◆ **TASK GOAL**
From the line containing "Paparazzi Ring - Fanciful" to the last line of the data below, copy everything exactly and nothing else; pictures stay out.
[[ DATA BELOW open ]]
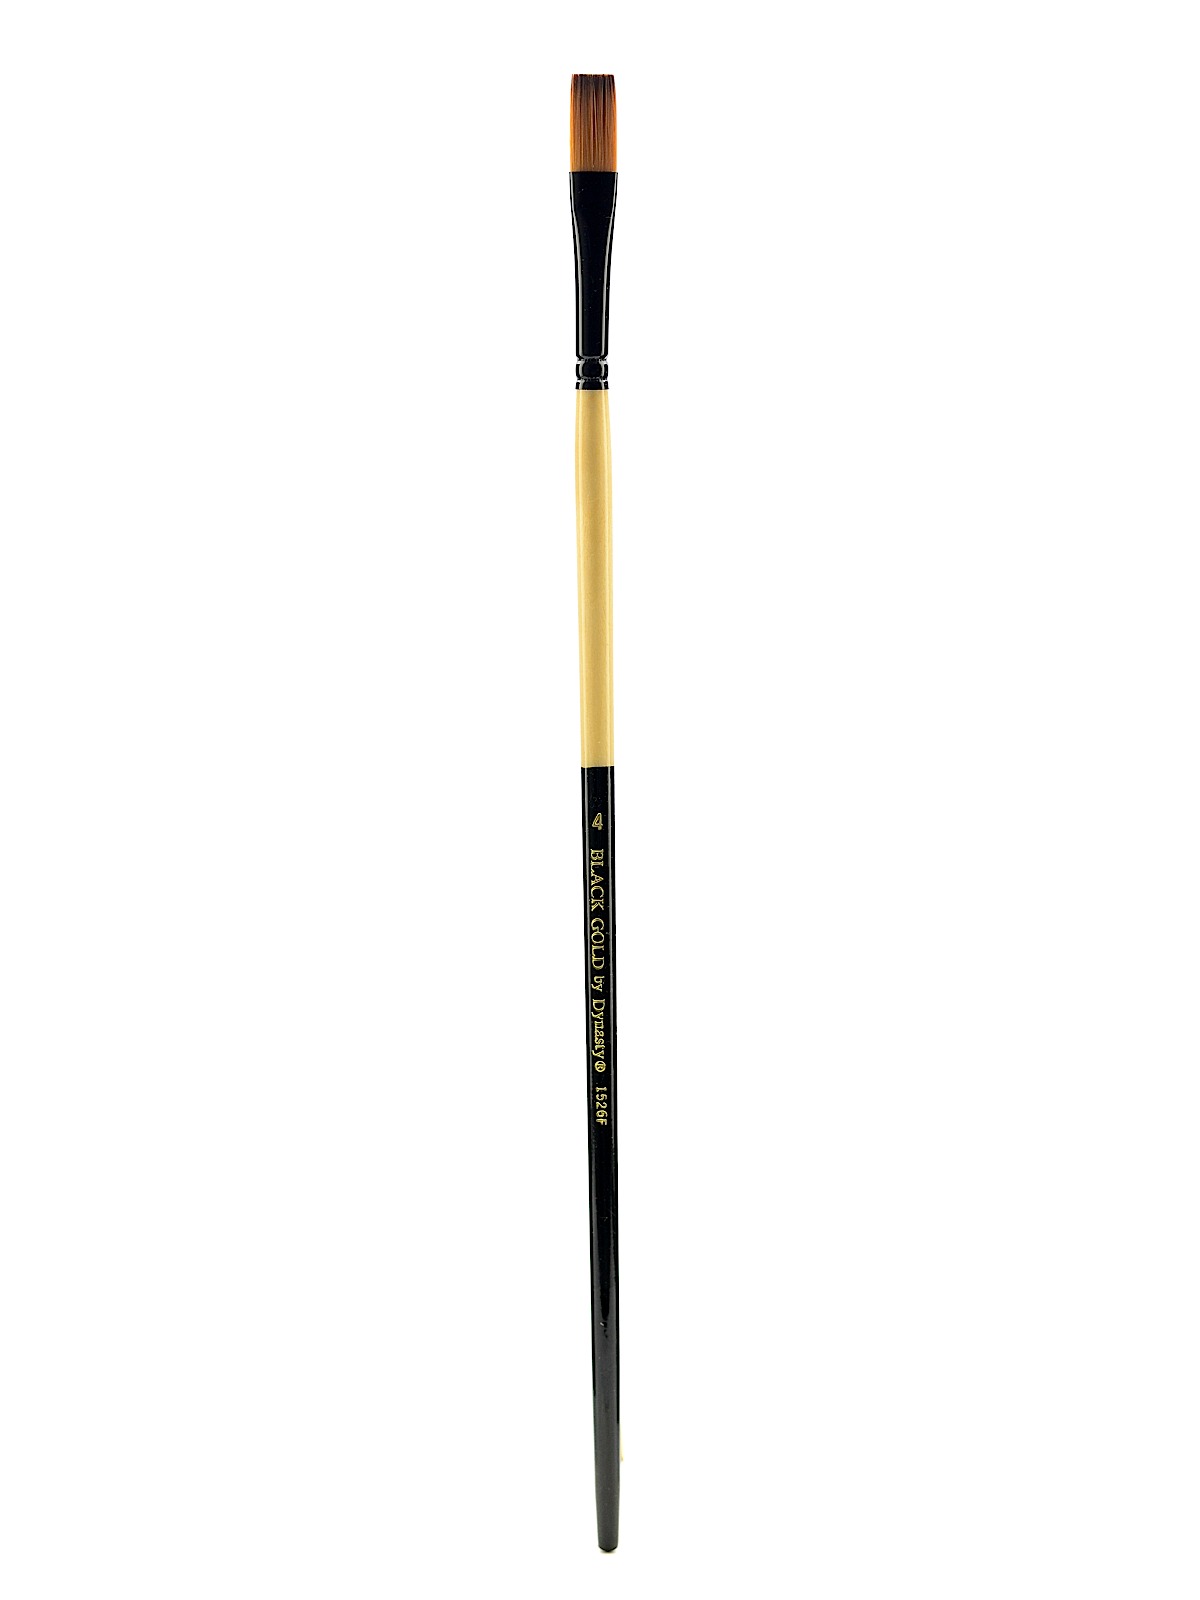 Black Gold Series Long Handled Synthetic Brushes 4 Flat 1526F
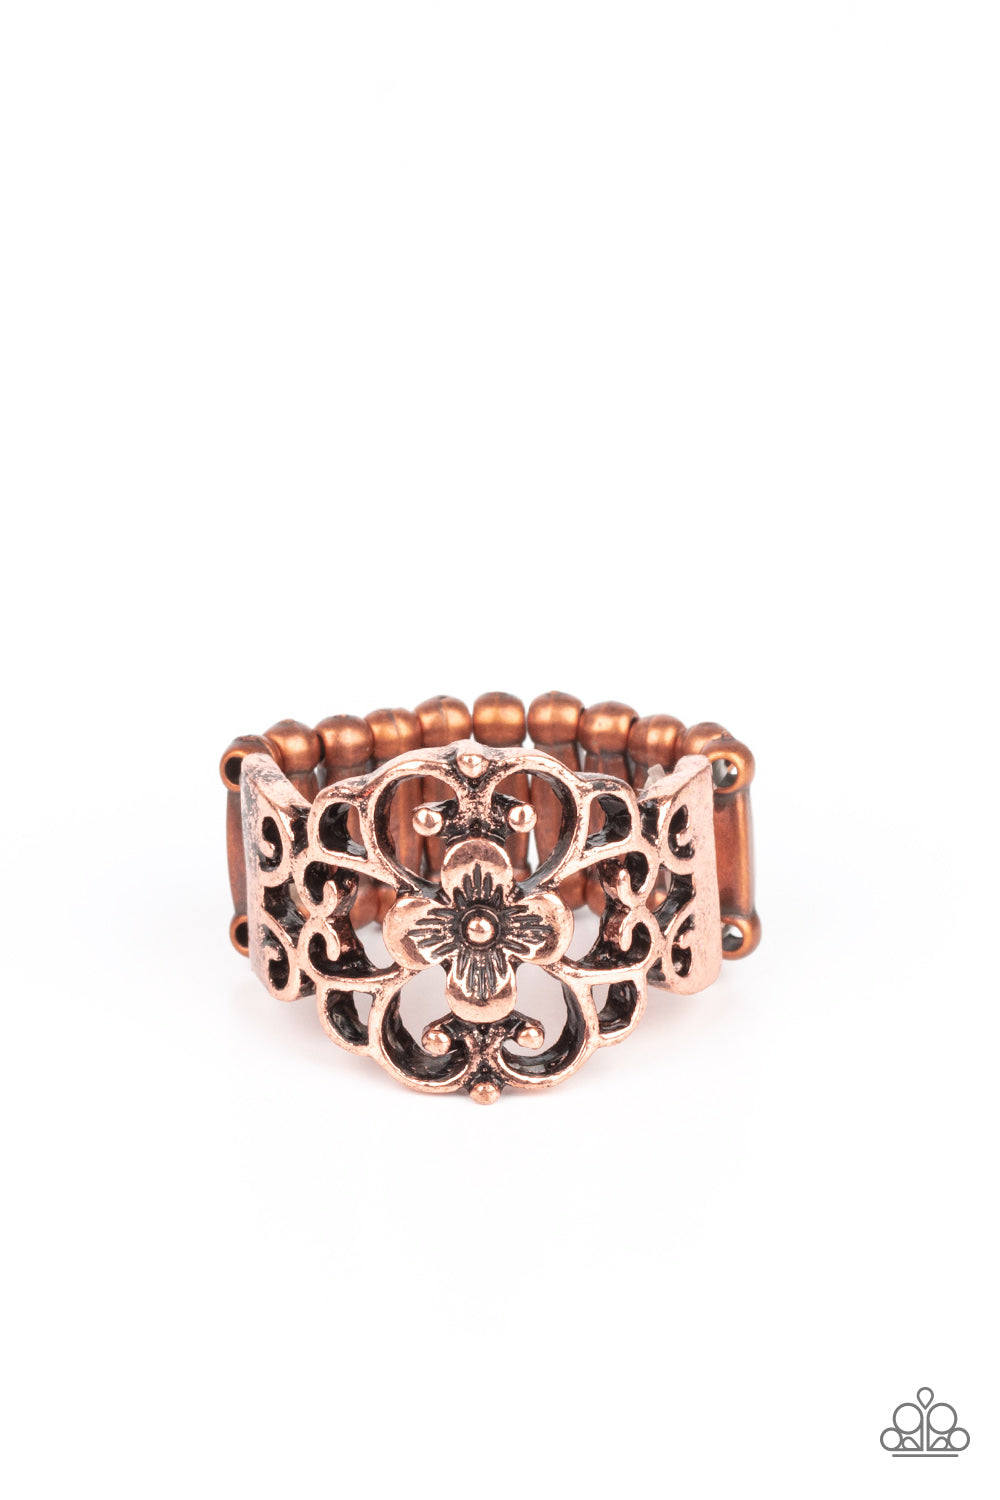 Paparazzi Ring - Fanciful Flower Gardens - Copper
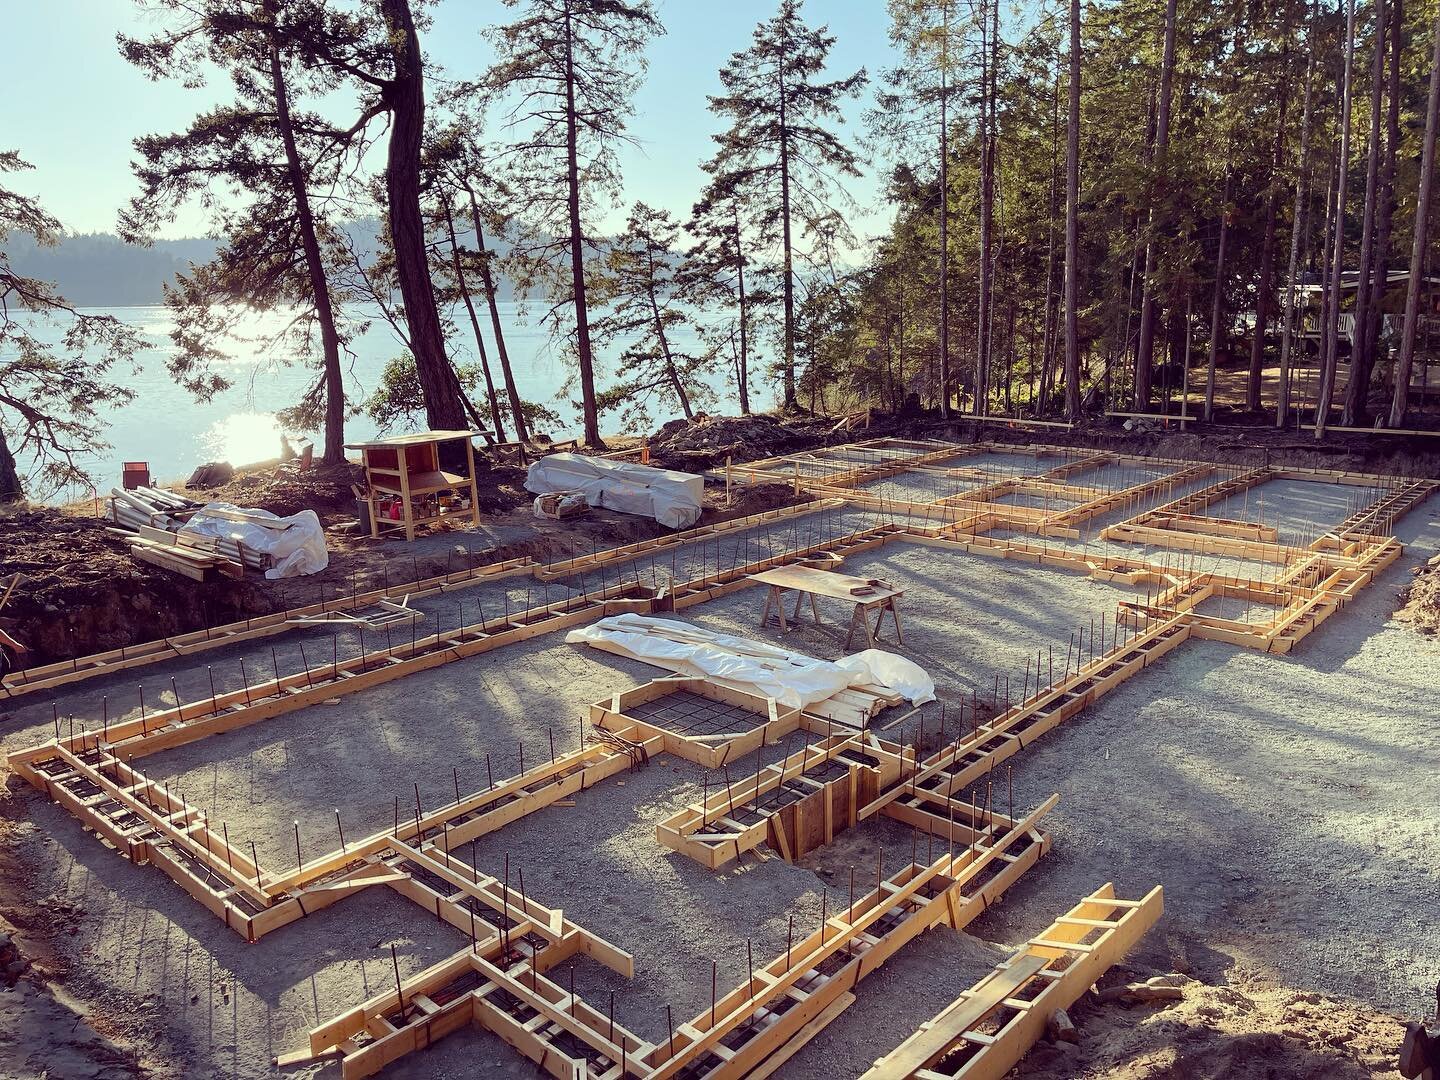 Golden Hour, Mayne Island. Sick rancher now under construction.
Footings in October are much more enjoyable then we remember ☀️. #modernarchitecture #modernhomes #architecture #customhomes #mayneisland #builder
[[ DATA BELOW closed ]]
◆ **FINAL ANSWER**
 Paparazzi Ring - Fanciful Flower Gardens - Copper
 Golden Hour, Mayne Island. Sick rancher now under construction.
Footings in October are much more enjoyable then we remember ☀️. #modernarchitecture #modernhomes #architecture #customhomes #mayneisland #builder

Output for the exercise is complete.